Total calculation time of CopywriteR was:  31.96694

Warning message:
In plot.xy(xy.coords(x, y), type = type, ...) :
"subset" is not a graphical parameter

However, the process still generates (what looks like) a completed .igv file. The igv files generated on my laptop and on our cluster look very similar, but are not identical. I have some examples below:

laptop1: chr15    60000001    60050000    chr15:60000001-60050000    0.719653400974822

cluster1: chr15    60000001    60050000    chr15:60000001-60050000    0.719653400974823

laptop2: chr15    60700001    60750000    chr15:60700001-60750000    0.0973944022031557

cluster2: chr15    60700001    60750000    chr15:60700001-60750000    0.0973944022031558

The differences seem super, super tiny, but they seem to matter a great deal b/c I get different results out of CGHcall.
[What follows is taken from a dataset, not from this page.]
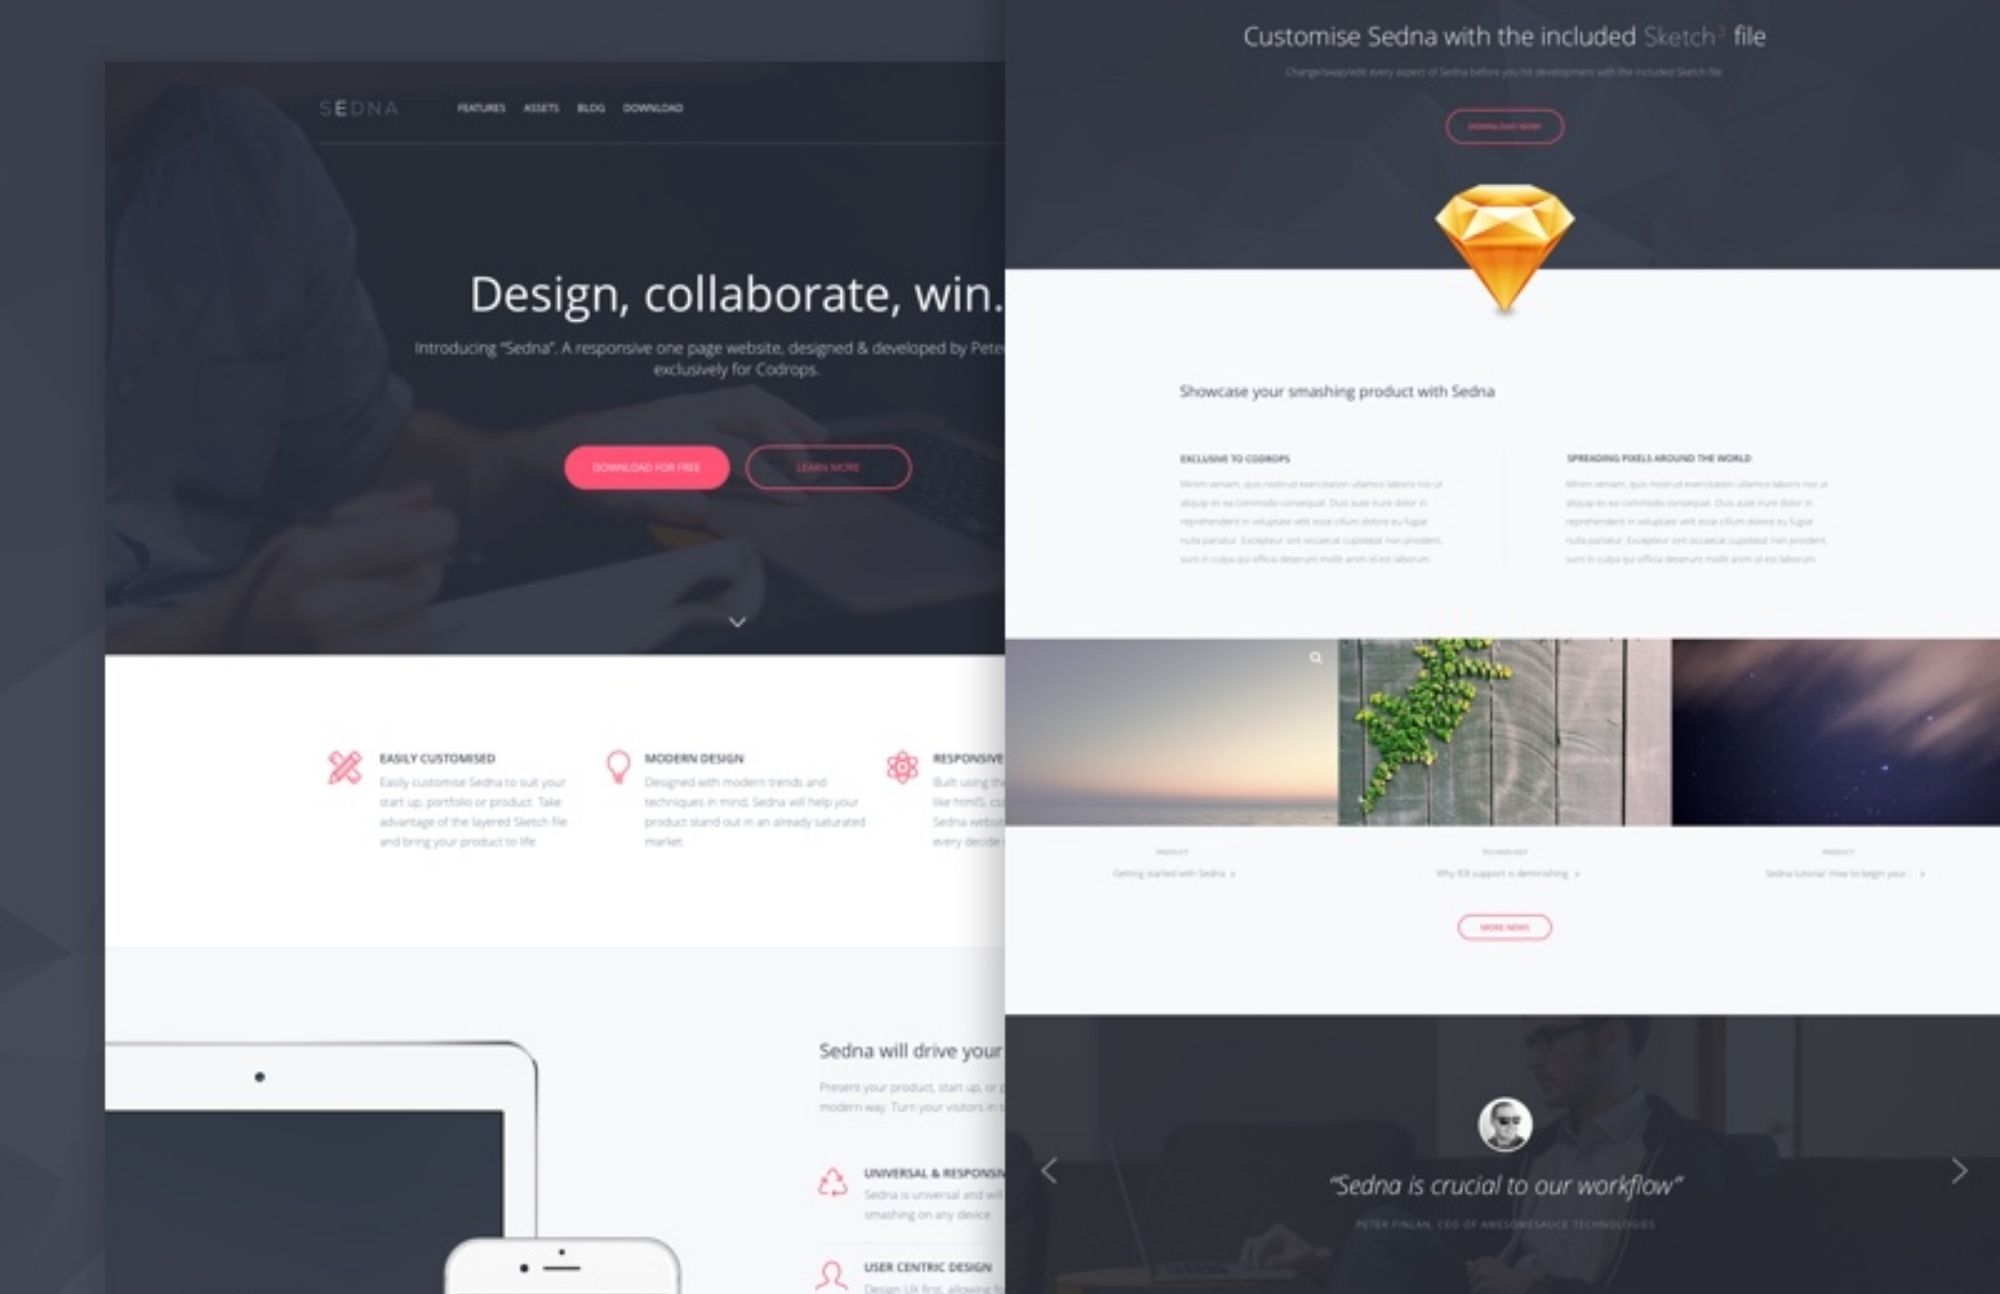 A homepage with Sedna design elements and a yellow diamond icon

Last night I decided to make sure that all the input files were the same buy comparing md5 checksums to make sure nothing had gotten corrupted/altered in the transfers. In doing this, I realized that there must be a slight difference in the hg19 files being pulled down by PreCopywriteR. I figured this was the source of the problem until I transferred the hg19 files from my laptop to the cluster. Running CopywriteR with the laptop hg19 files still got me the same "cluster" results.

To be clear, I'm using the same versions of CopywriteR and CGHcall in both places, though my laptop is running R version 3.2.3 and our cluster is running R version 3.2.1.

I sent you an email with the code I used in each place since I'm not sure if its possible to attach it here.

Ok, to me it seems that CopywriteR runs as it should and that the small differences in the .igv file stem from the internal settings of the system you are using. My first thought on the differences in the output from CGHcall is that they come from differences in the way you run the tool. Could it be that you process individual samples separately (using CGHcall) on the clusters, while in the other case you run CGHcall on the entire set of samples together? In that case one wouldn't expect the same results, as CGHcall imputes absent values, and this is (as far as I know) dependent on the values of other samples. Therefore there would be a difference whether you run CGHcall on individual samples and then perform the merge, versus running CGHcall on your merged data. Could it be that this is the problem?

Thomas

0
3.7 years ago by
smcnulty0
smcnulty0 wrote:

I think this may account for part of the problem. I was processing the samples together in CGHcall, but was missing a few on my laptop. I processed 17 BAMs on the cluster but only a subset of those on the laptop.

We also found this in the CGHcall documentation (http://www.rdocumentation.org/packages/DNAcopy/html/segment.html)

"Since the segmentation procedure uses a permutation reference distribution, R commands for setting and saving seeds should be used if the user wishes to reproduce the results."

I was just wondering if this is also the case for CopywriteR. Should I be setting a seed manually there as well to make sure my results are 100% reproducible? This will be very important for me going forward.